Another estate in Haselor called a manor seems to have originated in 2 messuages and 2 virgates of land in Upton which William Clopton leased to Thomas Crewe and Juliana his wife for life about 1418. (fn. 91) Isabel, a granddaughter of William Clopton, married Sir John Lingen, (fn. 92) and this estate, then called the manor of Haselor, was in the king's hands on account of the minority of John Lingen's daughter Joan or Jane. (fn. 93) She married William Shelley and died in 1610, when her cousin Edward Lingen succeeded. (fn. 94) He was declared a lunatic in 1623, (fn. 95) and died in 1636 when the manor, called Upton in 1623 and Haselor in 1636, passed to Henry, (fn. 96) his son by Blanche daughter of Sir Roger Bodenham. (fn. 97) Sir Henry was a prominent Royalist and was impoverished by his loyalty; (fn. 98) it is probable that he sold this property to the Throckmortons.
WALCOT was apparently included with the chief manor of Haselor, (fn. 99) but was separately sold in 1807 as the 'Manor or reputed Manor' of Walcot, with a capital messuage known as Walcot Hall by the 2nd Earl of Warwick to Thomas Salt of Cheadle, Staffs., for £8,500. (fn. 100) It was advertised for sale by Salt's executors in 1835. (fn. 101)
Five rentals survive for the chief manor of Haselor, dated 1396, (fn. 102) c. 1461, (fn. 103) 1545, (fn. 104) 1612, (fn. 105) and (?) 1659 (fn. 106) In 1396 there were 22 messuages and 2 cottages, and in 1545 10 messuages and 4 cottages; an apparent fall in population that suggests inclosure. (fn. 107) The rentals 1396–1545 contain a rent of 12d., 2 capons, and 6 discs of wood paid by the Abbot of Evesham for a burgage in Evesham attached to the manor. This tenement may be traced back to the Conquest, since a burgess who, with two Frenchmen, paid 7½d. is mentioned in Domesday. (fn. 108) By 1396 commutation of villein services into money rents was complete for there is no mention of sale of works or of any customary payments. Some of the meadow was held individually at a rent paid in money or in kind. (fn. 109) A reference to villeinage on the manor occurs in 1445, when the manumission of Richard Colet and his son was cancelled because they had shown themselves quarrelsome towards their neighbours and ungrateful to the lords. (fn. 110)
By the 17th century Haselor was predominantly a village of substantial yeomen and freeholders, a characteristic which is perhaps reflected in the number of large, timber-framed farm-houses that still remain. Some of these families show a remarkable continuity; in the Hearth Tax Returns of 1663, for instance, where only one person has as many as four hearths, 21 of the 56 inhabitants belong to the three families of Gibbs, Heming, and Field; and these and several other families (e.g. Mills and Parsons) can be traced over a period of two or more centuries. In the manor of Upton Haselor the establishment of this yeoman class can be traced during the reigns of the first two Stuarts: of eleven leases granted by the Throckmortons 1601–34 six were for 2,000 years or for ever, several tenements having previously been held only for lives. (fn. 111)
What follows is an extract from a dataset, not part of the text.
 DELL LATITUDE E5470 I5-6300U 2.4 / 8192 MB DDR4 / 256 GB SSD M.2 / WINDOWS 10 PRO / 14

Hoo Mill stands by the Alne, a little above the ford leading to Kinwarton. There was a mill worth 6s. 8d. in the chief manor of Haselor in 1086 (fn. 112) and early in the 12th century Nicholas de la Pole granted 'lawegrist' and the tithes of the mill to the church. (fn. 113) A water-mill is also included in the manor in 1315. (fn. 114) The present name of the mill first occurs in 1609 (fn. 115) and in 1626 the tithes of Hoo Mill were included in the sale of tithe by William Skynner to George Smith, already referred to. (fn. 116) Certain old inclosures belonging to the mill, and apparently consisting of the neighbouring meadows, are referred to in the Award of 1767. (fn. 117) Hoo Mill was taken in 1844 as a needle mill by the firm of Holyoake of Redditch, who removed here from Oversley Mill.
A water-mill in the manor of Upton is mentioned in 1284 (fn. 118) and 1394, (fn. 119) and a mill is included in the lease of the Manor Place in 1542. (fn. 120) The four-fifths of the manor bought by Thomas Throckmorton in 1579 and the remaining fifth which he purchased ten years later were both said to include a mill. (fn. 121)
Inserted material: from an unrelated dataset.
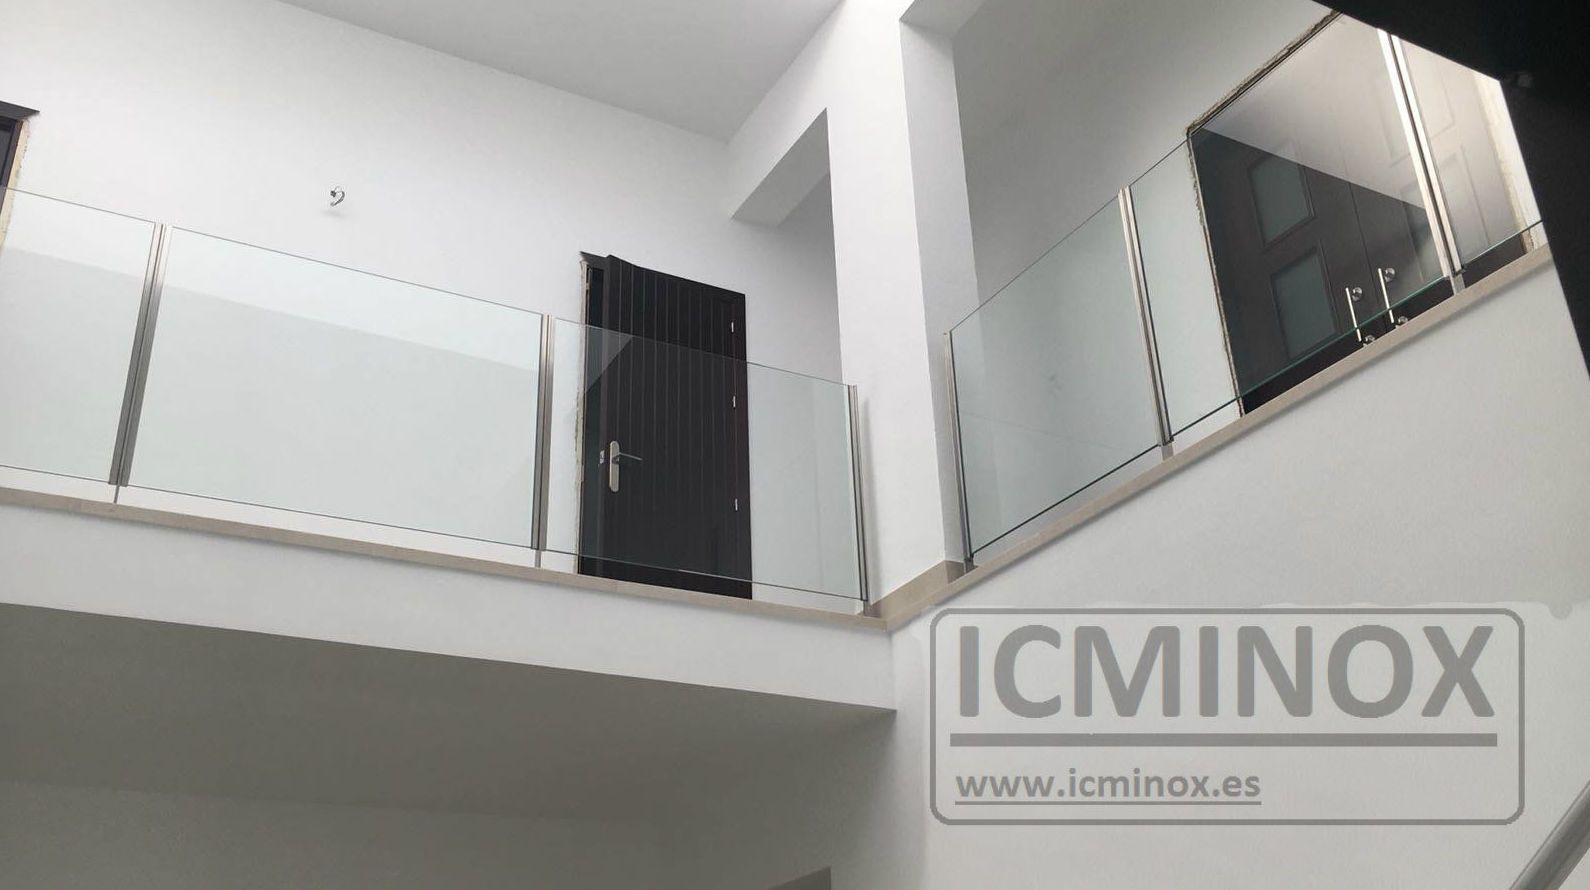 Foto 27 de Especialistas en diseños y proyectos en acero inoxidable en Alcalá de Guadaíra | Icminox

The grant of 'lawegrist' to the church by Nicholas de la Pole included also the right to fish on fast-days in ripa nostra, except with draw-nets. In 1545 John Palmer was holding 'le Were' with a fishery at Staunchars Lane End at the yearly rent of 12d. (fn. 122) The right of fishing in 'the river belonging to the parish of Haselor' is included in a conveyance of land from Fulke, Lord Brooke, to Bernard Whalley of Billesley in 1689. (fn. 123) A fishery in the Arrow, worth 9s. a year, was held with the site of the chief manor of Haselor in 1545 (fn. 124) and there was also a fishery in the fifth part of the manor of Upton conveyed in 1589. (fn. 125)
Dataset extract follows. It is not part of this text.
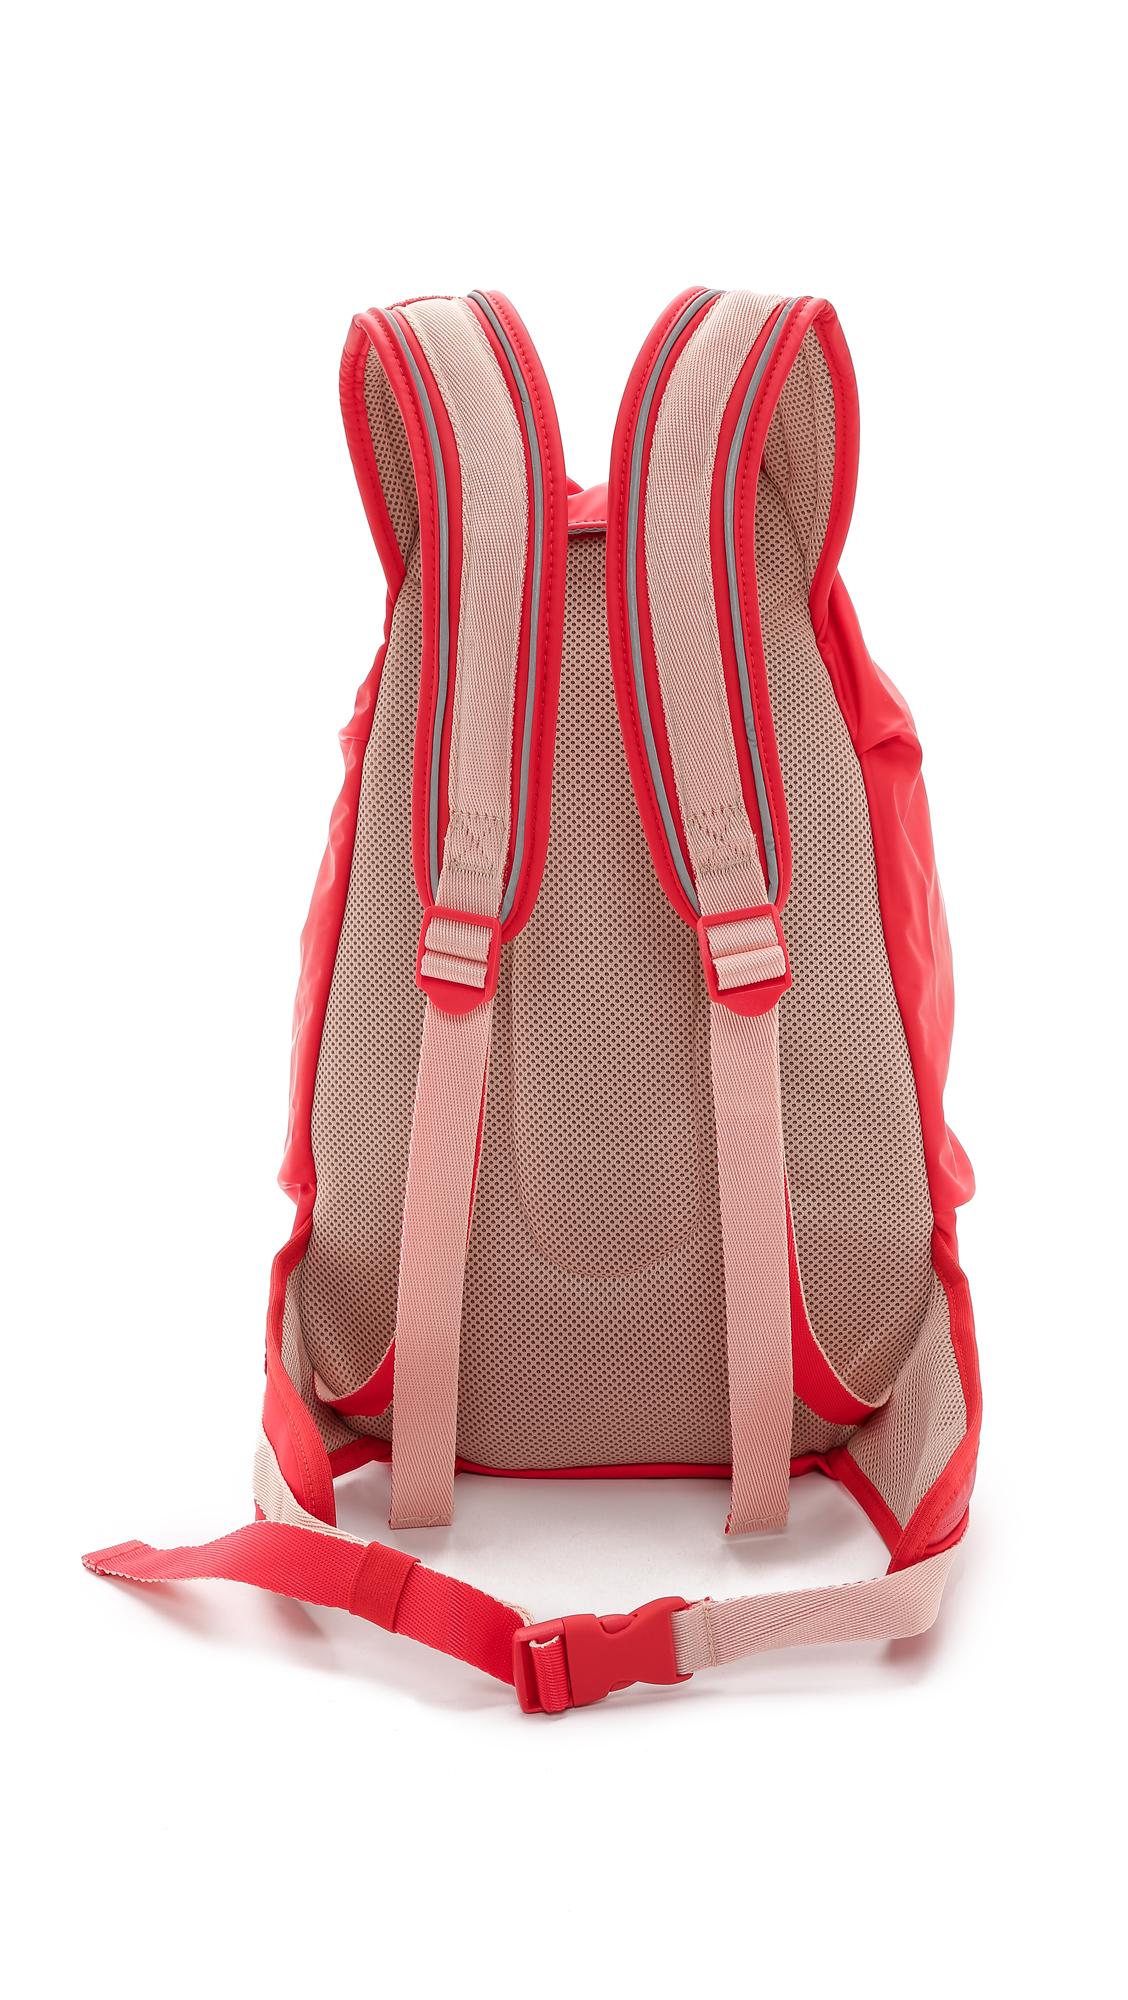 Lyst - adidas By Stella McCartney Running Cycling Backpack - Scarlet ... 4db1a5efbdc3d

The parish church of ST. MARY AND CHURCH ALL SAINTS is apparently of 12thcentury origin and had a west tower: a south aisle with the arcade of three bays was added later in the century. Early in the 13th century the chancel was rebuilt, with a north chapel and an arcade of two bays. There also seems to have been a north vestry east of the chapel. Before the middle of the 14th century, a south transeptal chapel of one bay was added to the chancel and the south aisle was widened to range with it. The north chapel-aisle was subsequently destroyed and the arcade was walled up, perhaps in the 18th century. Whether or not the nave had a north aisle is not evident from the fabric, as the north wall appears to have been entirely rebuilt when a small chamber was added specially to receive the vault-grave of a vicar who died in 1869. The bell-chamber of the tower was added in 1622. The church was restored in 1883 and again in 1892.
The plan is irregular, the chancel and nave each being a foot wider at their west ends than their east ends. The south aisle wall is parallel with the arcade wall in the west half, but is deflected outwards in the east half till it is nearly a foot wider at its east end (the 14th-century chapel).
The chancel (about 30½ ft. by 14 to 15 ft.) has a modern east window of three lights and tracery. In the north wall is a blocked doorway and a blocked arcade of two bays, with square responds and an 18-in. circular middle pillar. The east respond has a capital carved with a series of conjoined leaves, and with a grooved abacus and round neck mould. The capital of the pillar is of somewhat similar design, but as it overhangs the pillar the neck mould is more elaborately moulded with two rounds and a soffit hollow. The carving suggests a very early 13th-century date for the arcade. The arches are two-centred and of two chamfered orders with small voussoirs. The closing wall is of rubble, flush with the main wall outside, and about half its thickness; in the west bay is a window of two trefoiled lights (18th century?).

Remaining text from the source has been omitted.